> [AIM OF THE EXERCISE]
Within the records below, find the line with "Karen Millen Schuhe" and the line with "94 Ragam Desain", then reproduce exactly those two lines and all lines between them, without any picture.

> [MATERIAL SUPPLIED]
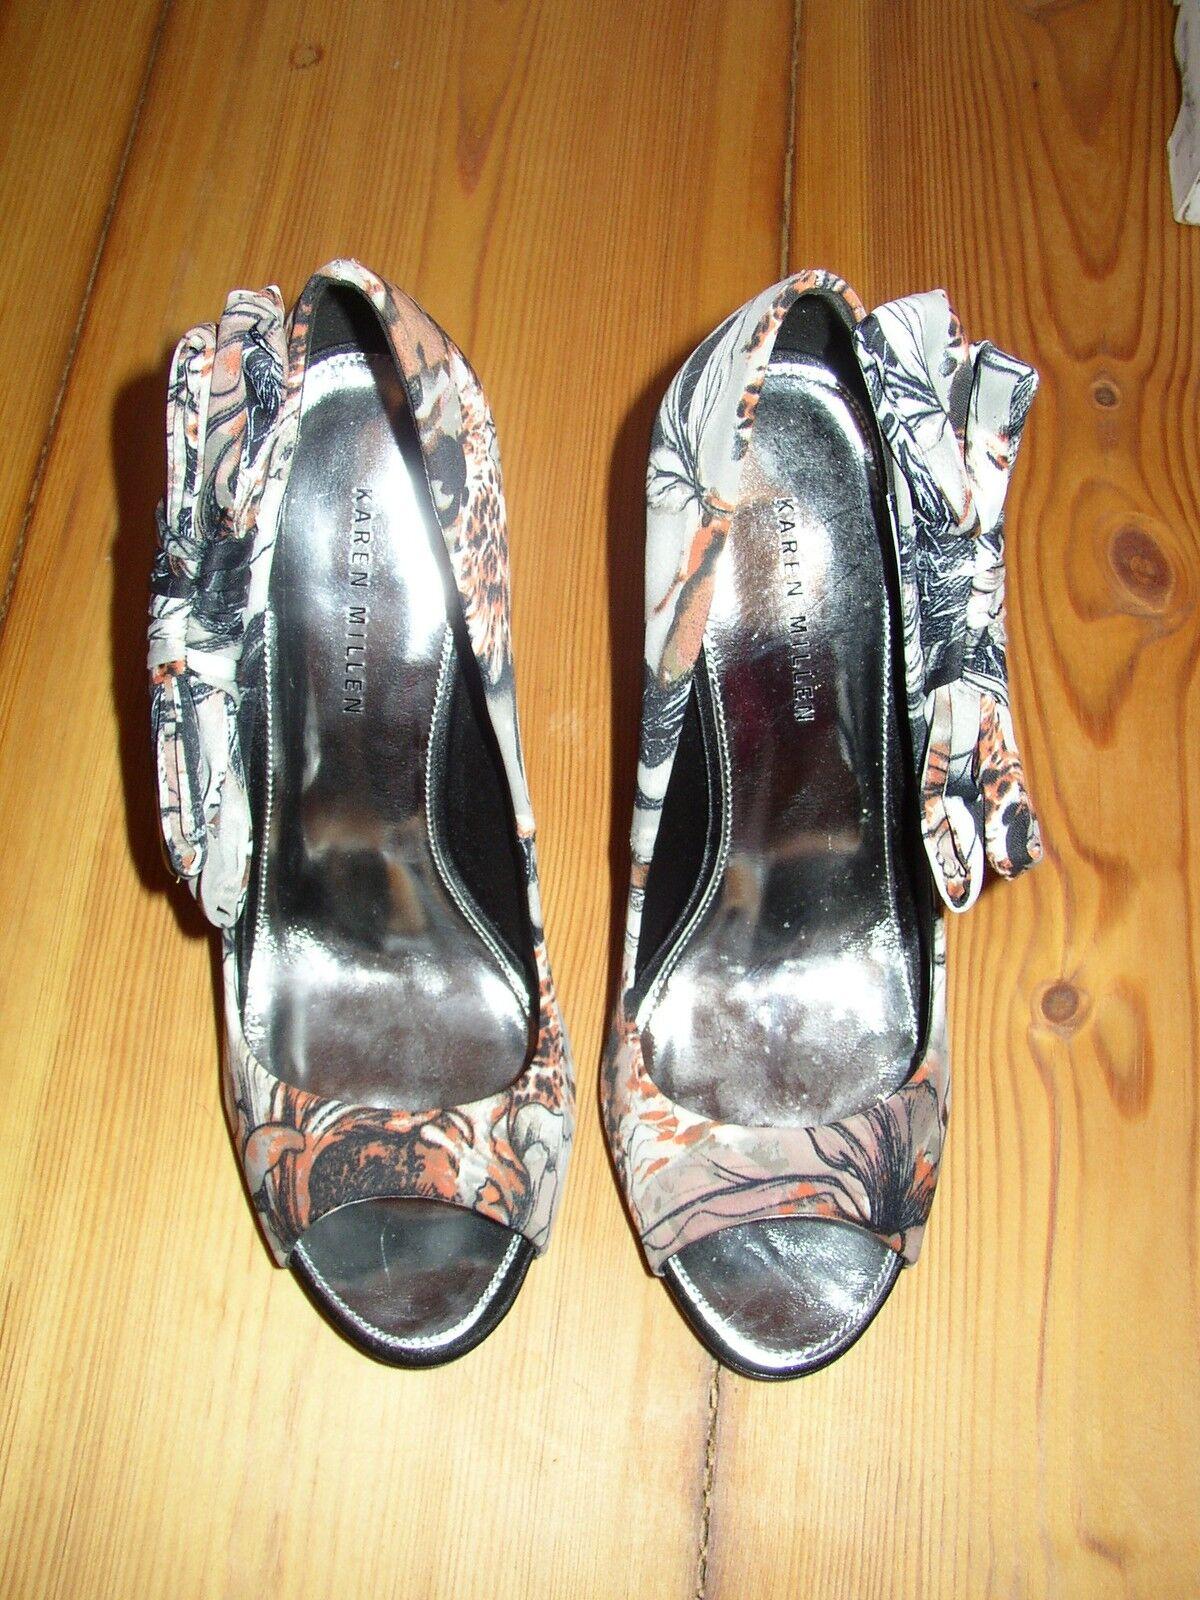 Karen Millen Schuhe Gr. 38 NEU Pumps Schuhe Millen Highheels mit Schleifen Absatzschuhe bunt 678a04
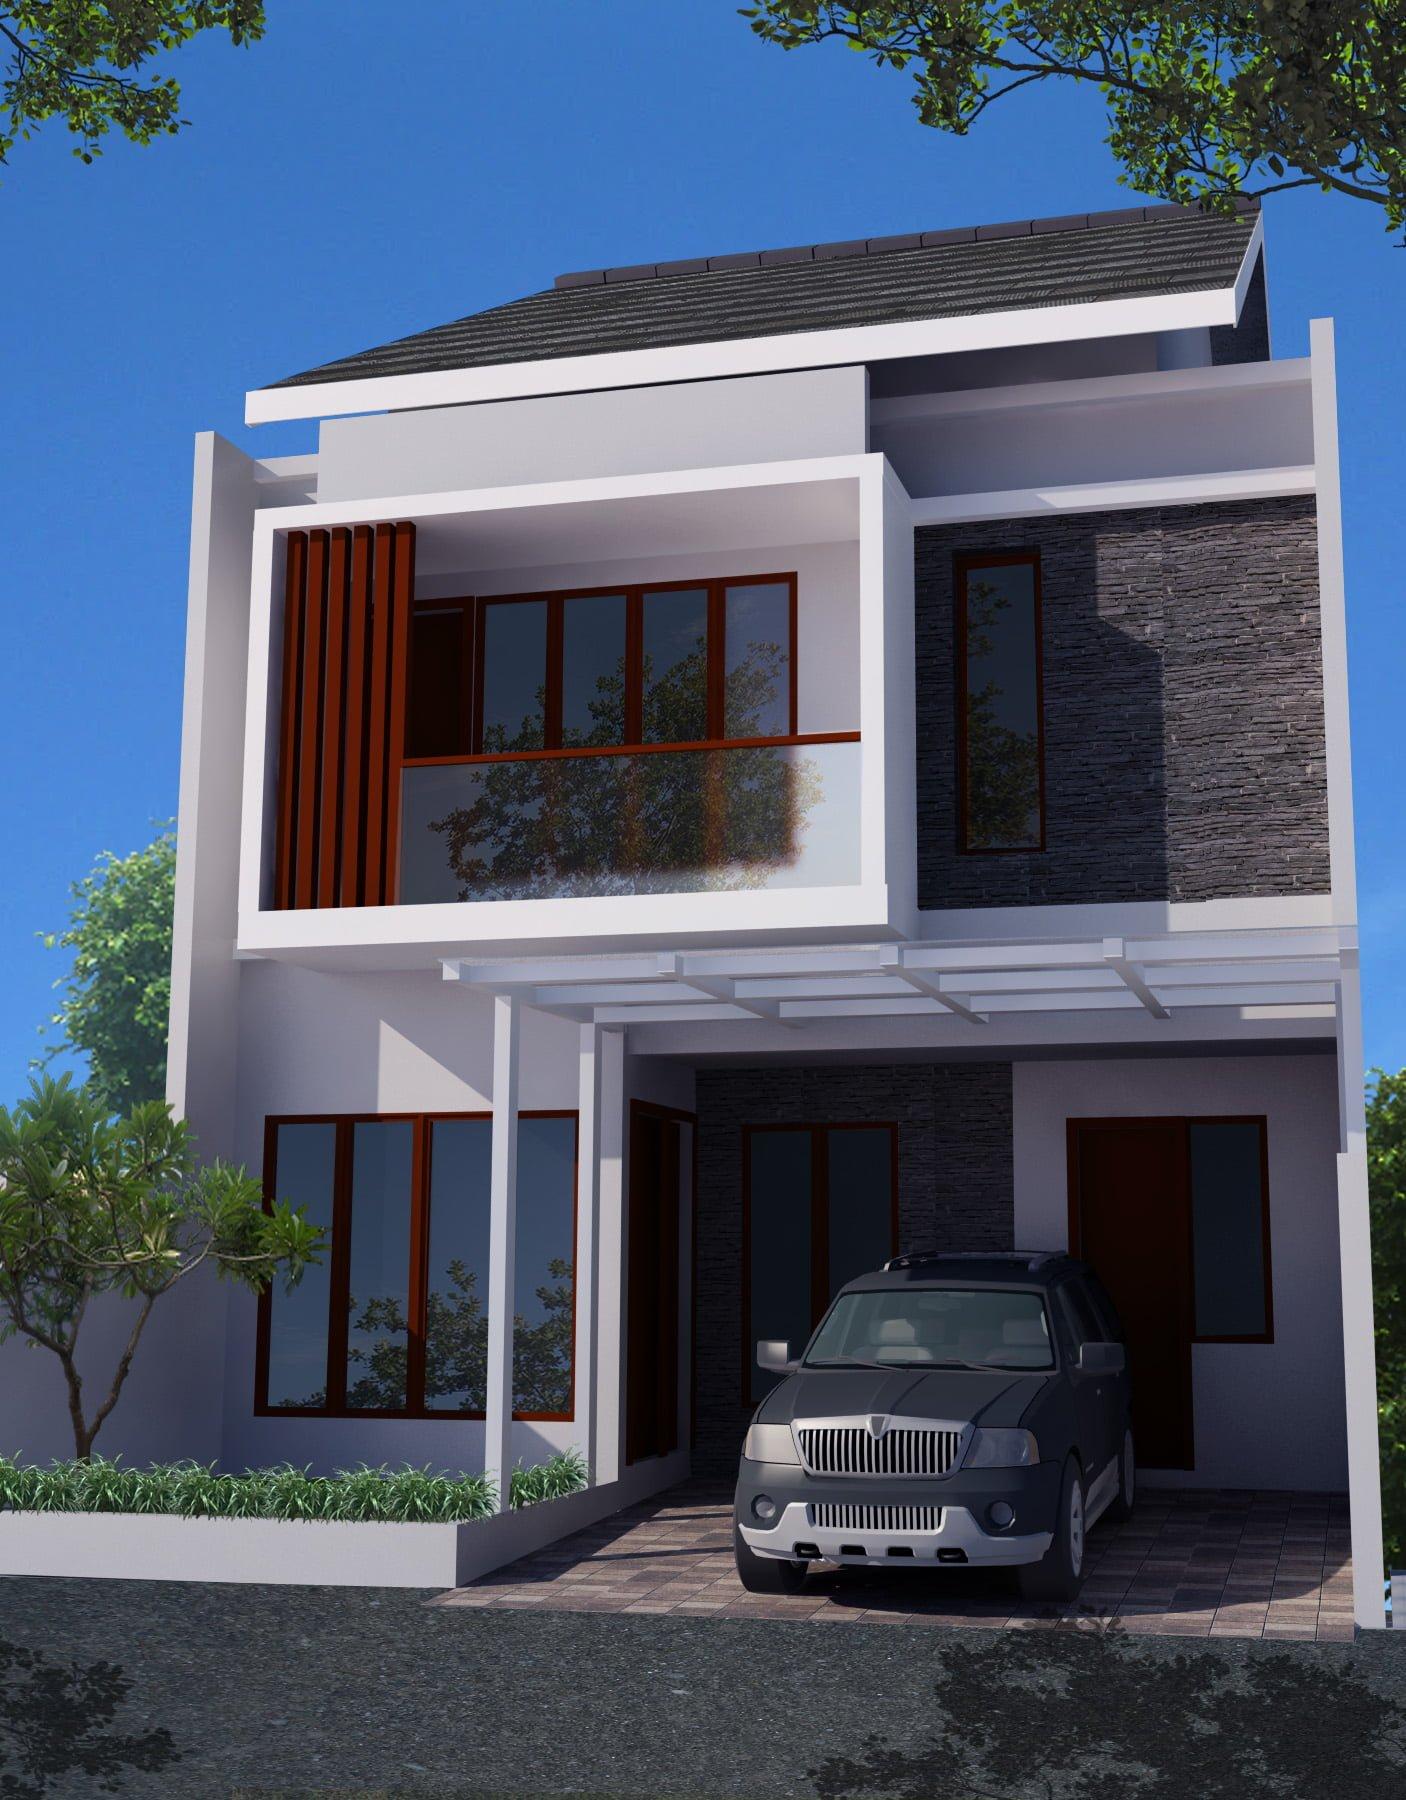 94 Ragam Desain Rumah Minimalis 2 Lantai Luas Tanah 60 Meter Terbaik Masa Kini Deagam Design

---

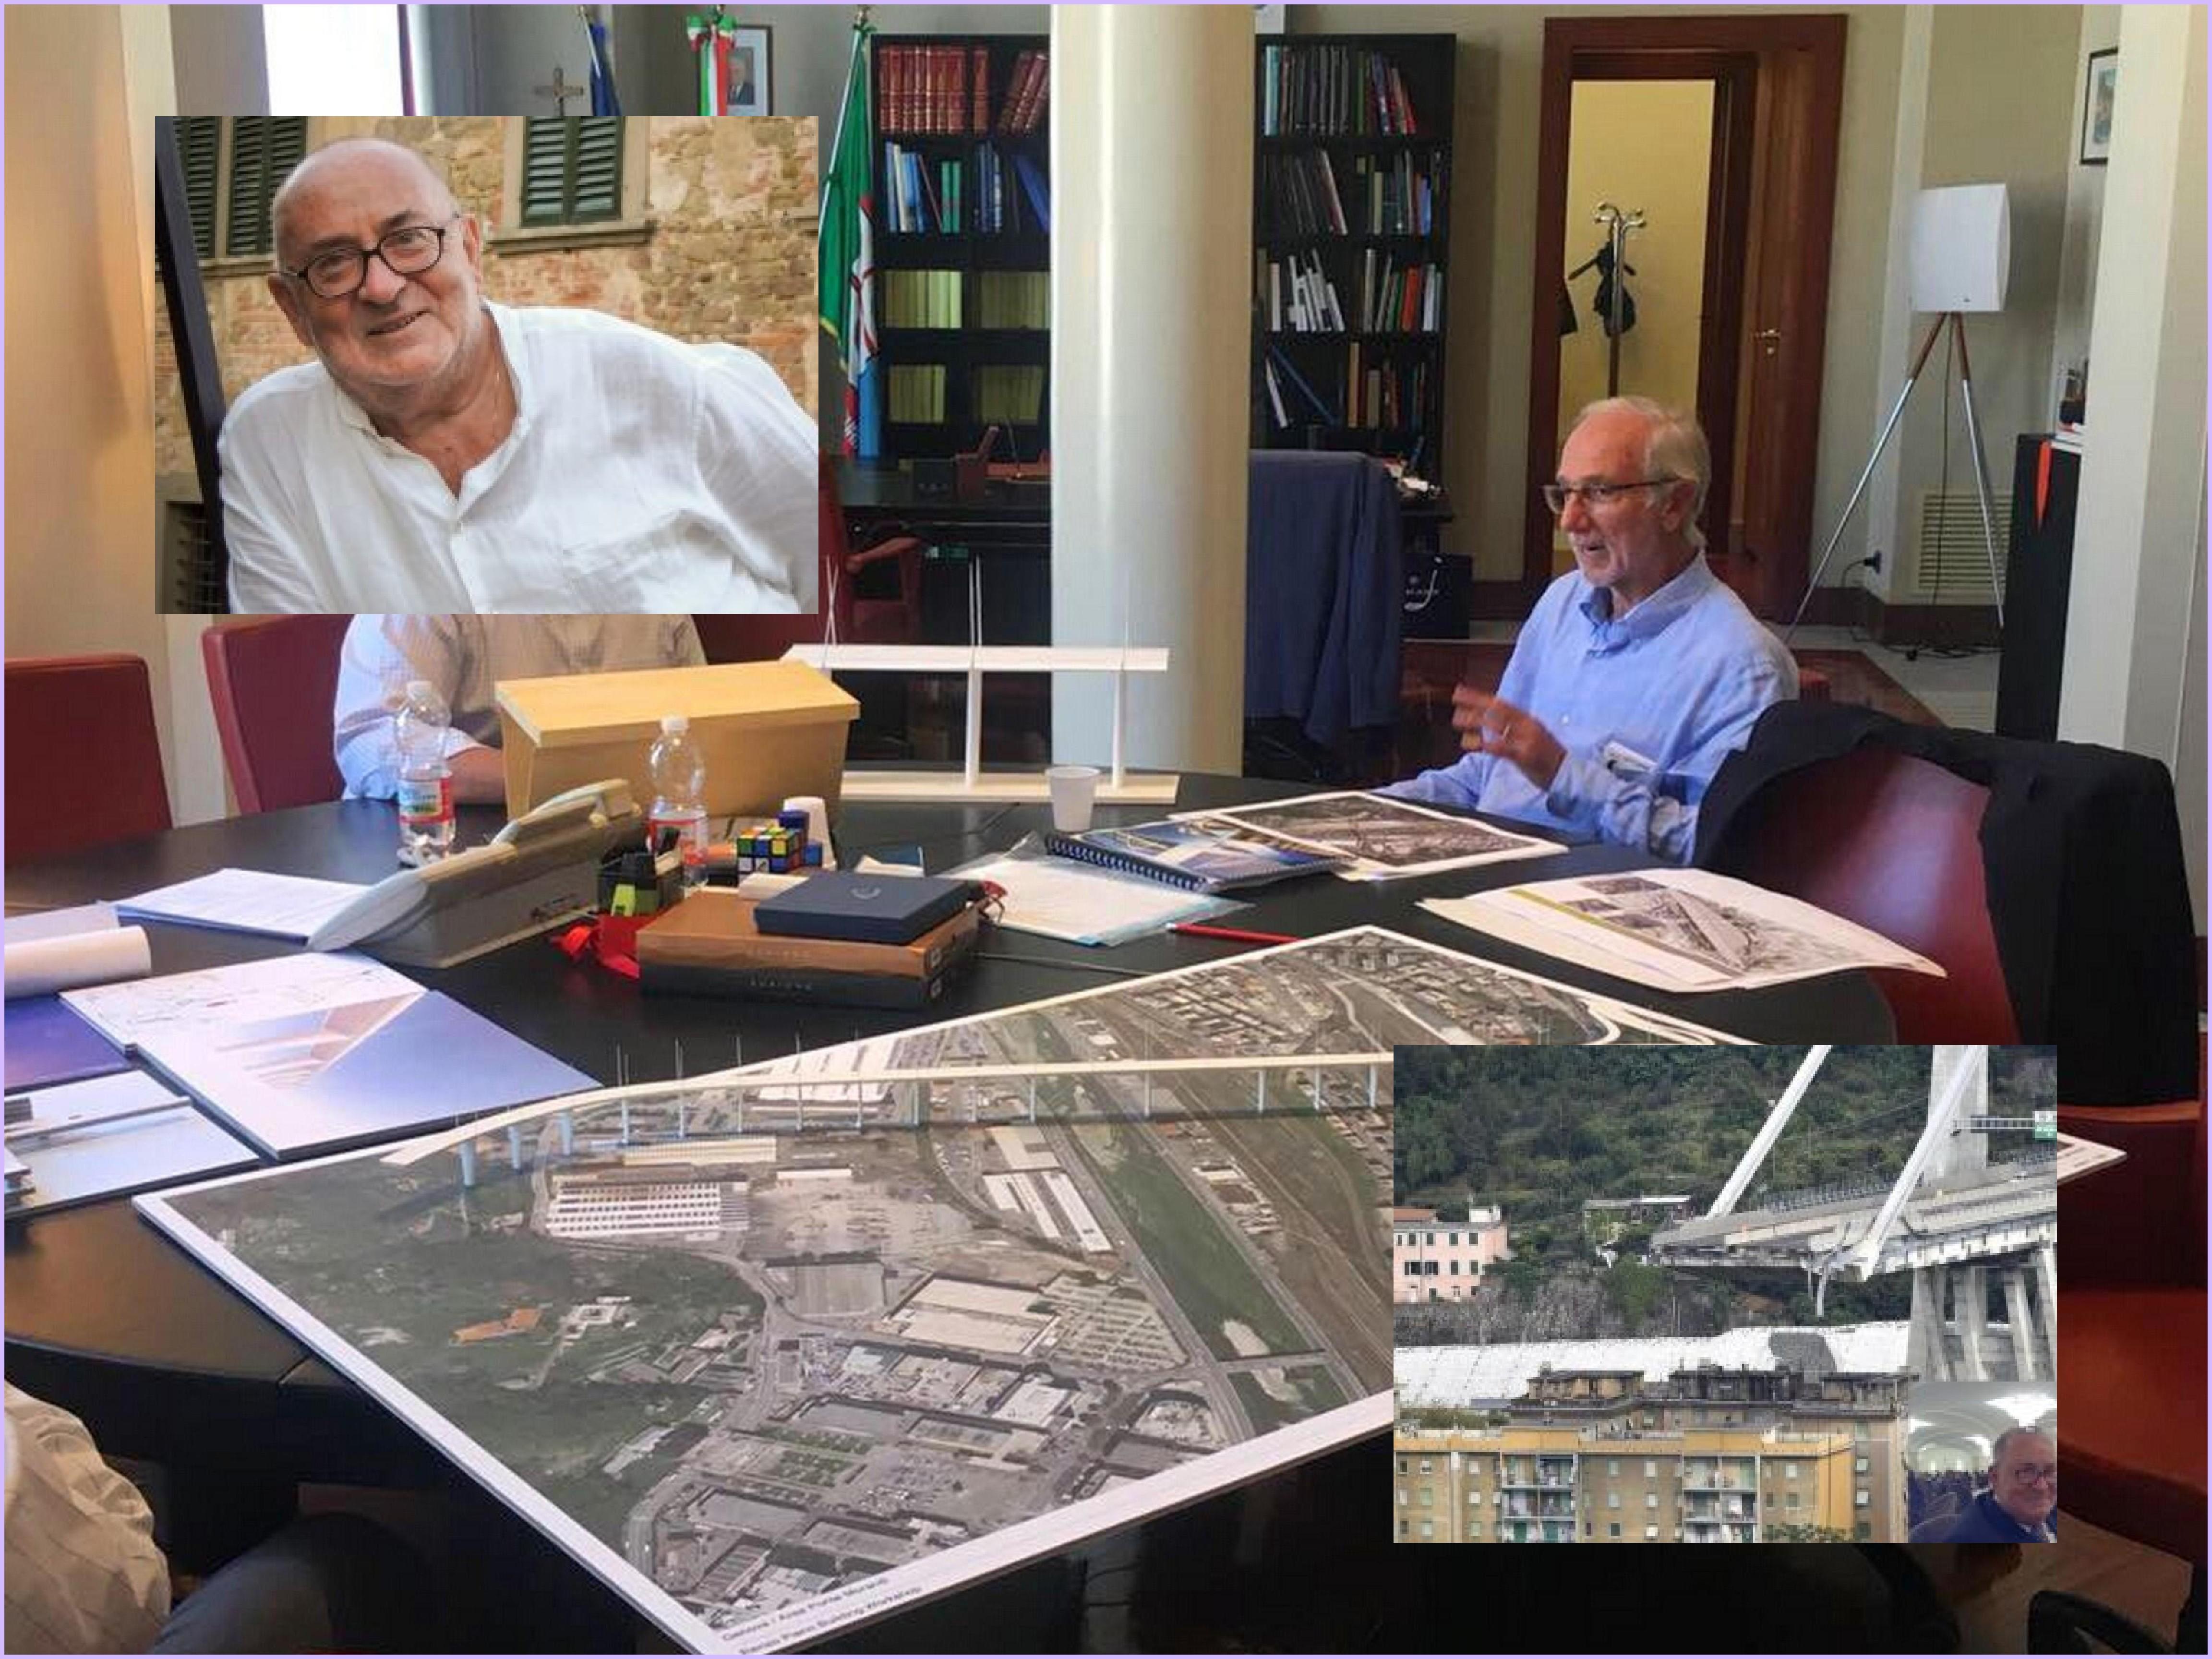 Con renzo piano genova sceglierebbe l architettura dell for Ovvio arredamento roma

> [RESULT OF THE EXERCISE]
 Karen Millen Schuhe Gr. 38 NEU Pumps Schuhe Millen Highheels mit Schleifen Absatzschuhe bunt 678a04
 94 Ragam Desain Rumah Minimalis 2 Lantai Luas Tanah 60 Meter Terbaik Masa Kini Deagam Design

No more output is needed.